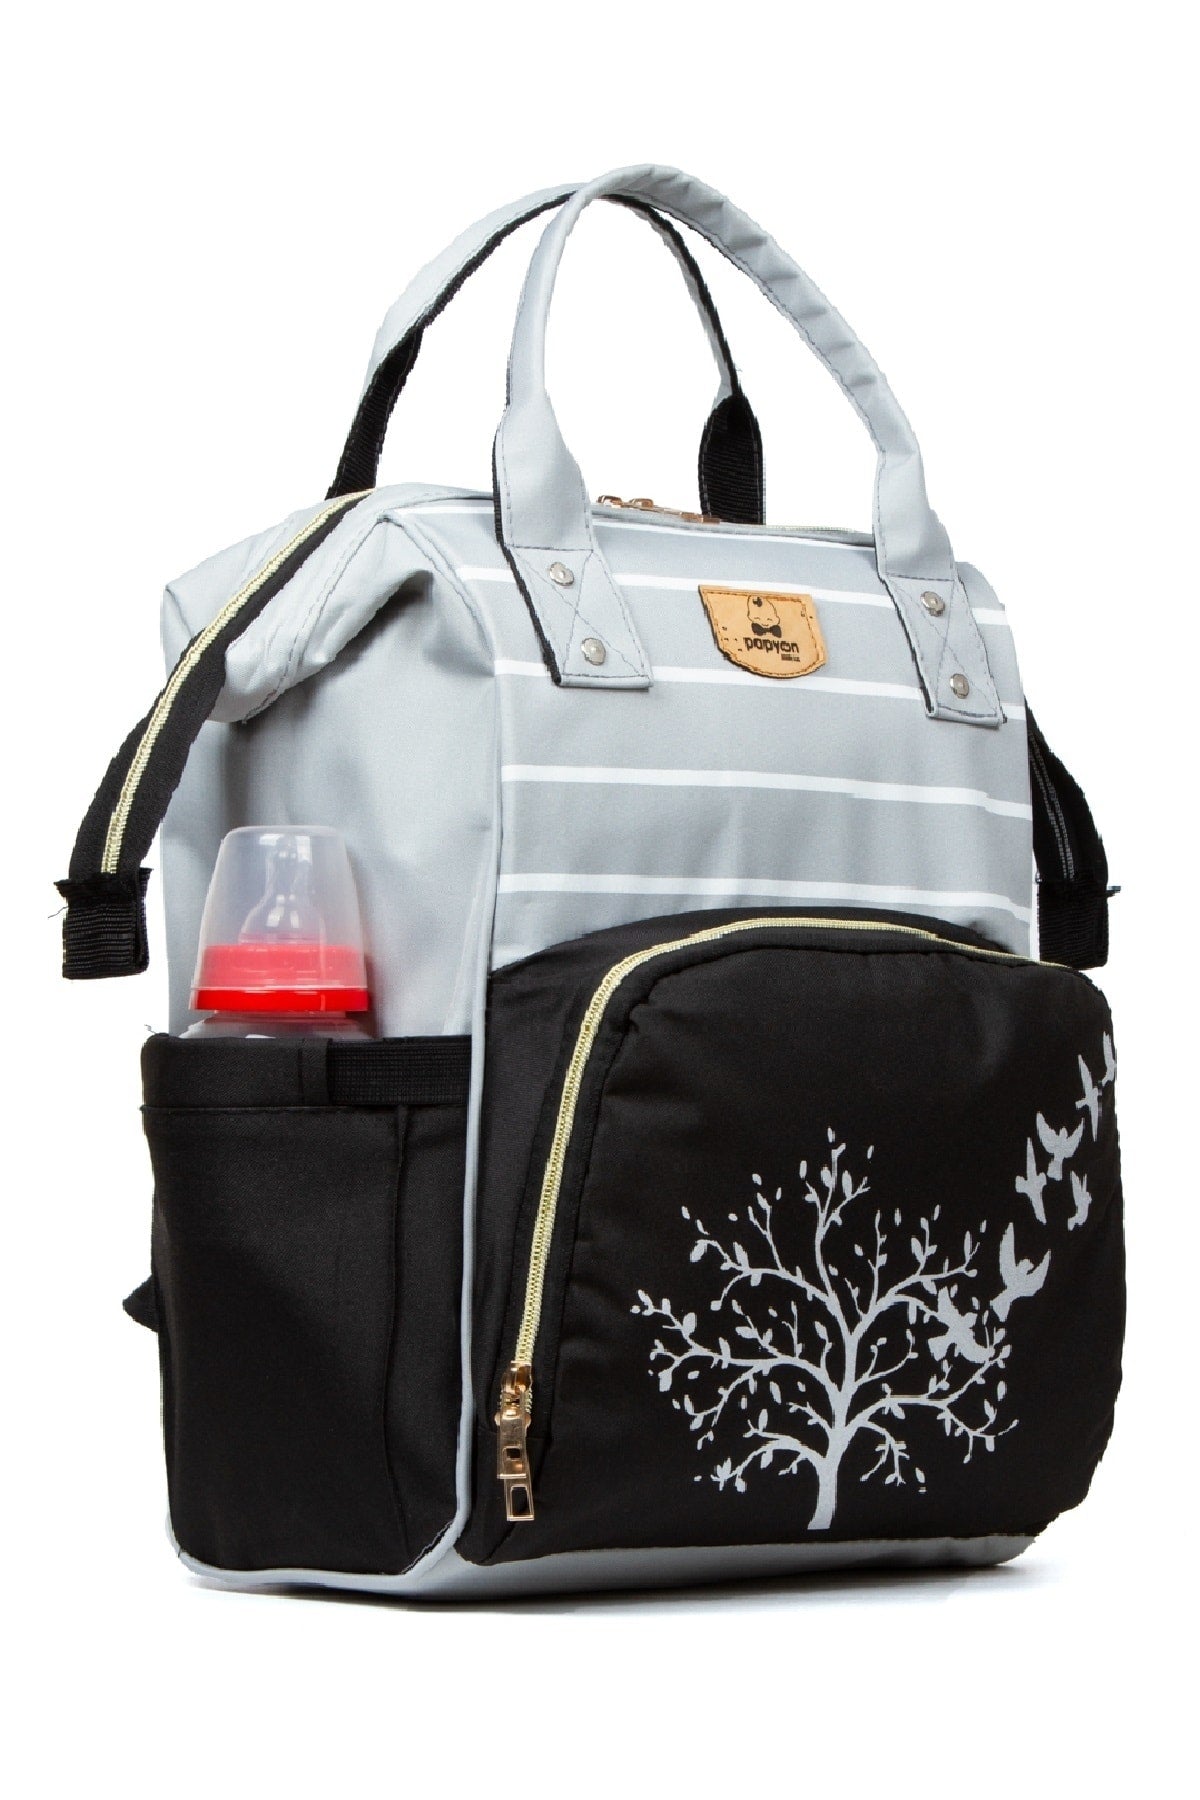 Mother Baby Care Backpack Baby Bottle Thermos Eyed Metal Hook Stroller Hanger Bracket Gift
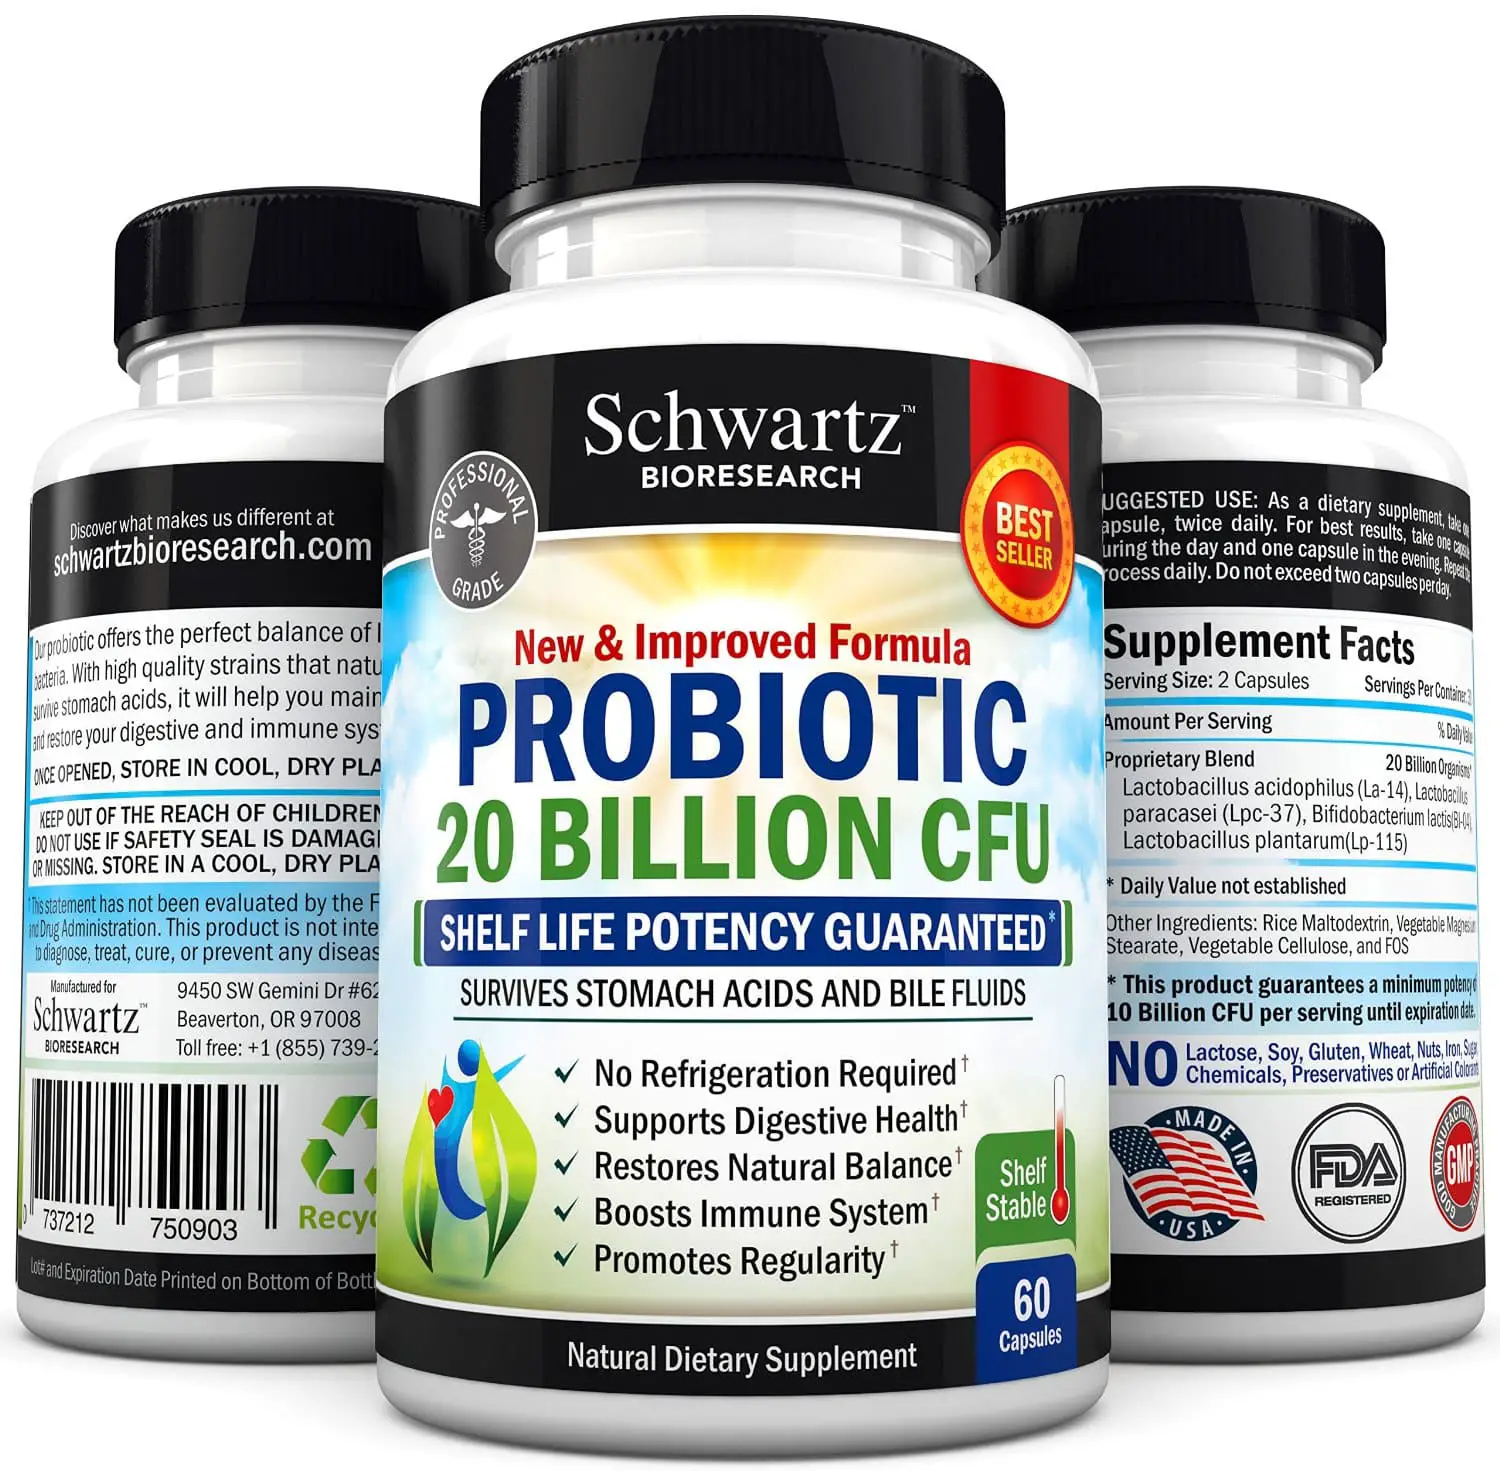 Popular Product Reviews by Amy: Probiotics Supplement 20 Billion CFUs ...
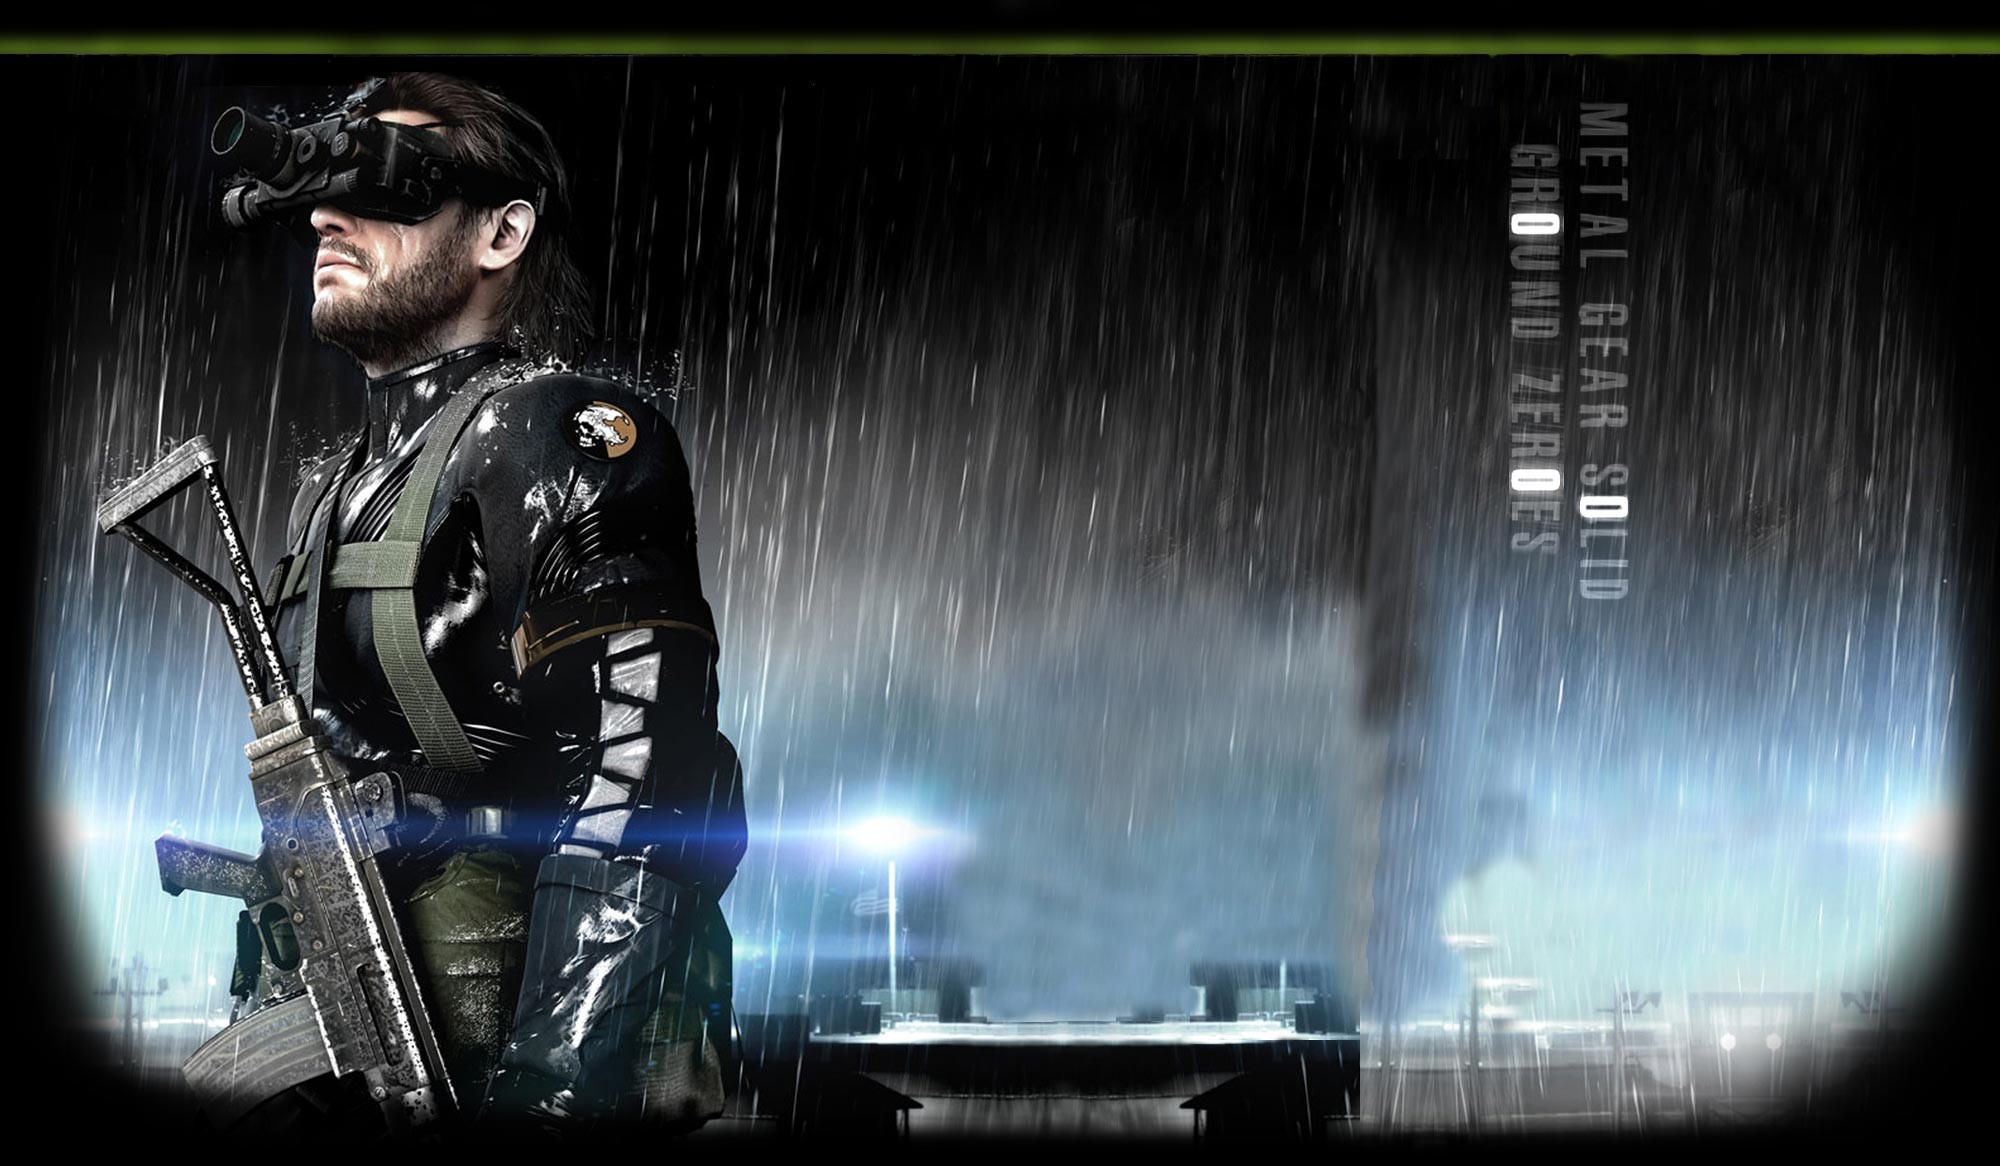 HD Metal Gear Solid: Ground Zeroes Wallpaper for Desktop Background – 133575

#####

Reproduce the listing exactly, images omitted.

 Mother Baby Care Backpack Baby Bottle Thermos Eyed Metal Hook Stroller Hanger Bracket Gift
 Popular Product Reviews by Amy: Probiotics Supplement 20 Billion CFUs ...
 HD Metal Gear Solid: Ground Zeroes Wallpaper for Desktop Background – 133575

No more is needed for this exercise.